PROBLEM TO WORK ON | All lines holding the word "white" should be located in the records and copied.

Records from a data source
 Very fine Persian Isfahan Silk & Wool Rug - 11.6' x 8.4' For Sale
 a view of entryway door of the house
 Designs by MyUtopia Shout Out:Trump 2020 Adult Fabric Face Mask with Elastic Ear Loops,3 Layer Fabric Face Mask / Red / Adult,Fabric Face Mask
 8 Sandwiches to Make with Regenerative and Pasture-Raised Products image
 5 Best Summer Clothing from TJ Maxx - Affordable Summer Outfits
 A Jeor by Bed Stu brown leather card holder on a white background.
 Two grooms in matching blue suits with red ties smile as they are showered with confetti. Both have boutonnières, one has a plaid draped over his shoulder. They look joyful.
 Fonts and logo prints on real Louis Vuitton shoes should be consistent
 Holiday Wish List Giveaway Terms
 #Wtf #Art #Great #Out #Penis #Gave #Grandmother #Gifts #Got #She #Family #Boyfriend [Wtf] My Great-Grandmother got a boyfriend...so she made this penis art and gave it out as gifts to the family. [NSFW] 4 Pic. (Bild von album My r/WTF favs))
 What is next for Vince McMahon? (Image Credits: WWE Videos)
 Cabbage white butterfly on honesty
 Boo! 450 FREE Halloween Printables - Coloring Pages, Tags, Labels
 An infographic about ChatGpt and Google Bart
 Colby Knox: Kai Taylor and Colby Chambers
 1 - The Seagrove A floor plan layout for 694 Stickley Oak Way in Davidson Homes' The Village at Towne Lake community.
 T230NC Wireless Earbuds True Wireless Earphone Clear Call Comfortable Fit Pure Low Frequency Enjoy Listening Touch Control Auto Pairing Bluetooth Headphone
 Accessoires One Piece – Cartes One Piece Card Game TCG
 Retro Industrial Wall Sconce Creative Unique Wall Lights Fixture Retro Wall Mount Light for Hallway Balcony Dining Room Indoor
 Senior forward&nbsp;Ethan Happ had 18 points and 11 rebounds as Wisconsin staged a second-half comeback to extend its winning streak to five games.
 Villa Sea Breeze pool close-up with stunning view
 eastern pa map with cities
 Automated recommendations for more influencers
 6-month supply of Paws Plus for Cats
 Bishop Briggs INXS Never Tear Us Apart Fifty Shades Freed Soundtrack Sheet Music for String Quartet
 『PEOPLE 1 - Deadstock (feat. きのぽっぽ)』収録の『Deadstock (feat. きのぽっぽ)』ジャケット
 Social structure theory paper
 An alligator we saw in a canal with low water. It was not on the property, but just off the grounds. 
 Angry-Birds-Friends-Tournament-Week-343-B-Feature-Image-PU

SOLUTION TO THE EXERCISE |
 A Jeor by Bed Stu brown leather card holder on a white background.
 Cabbage white butterfly on honesty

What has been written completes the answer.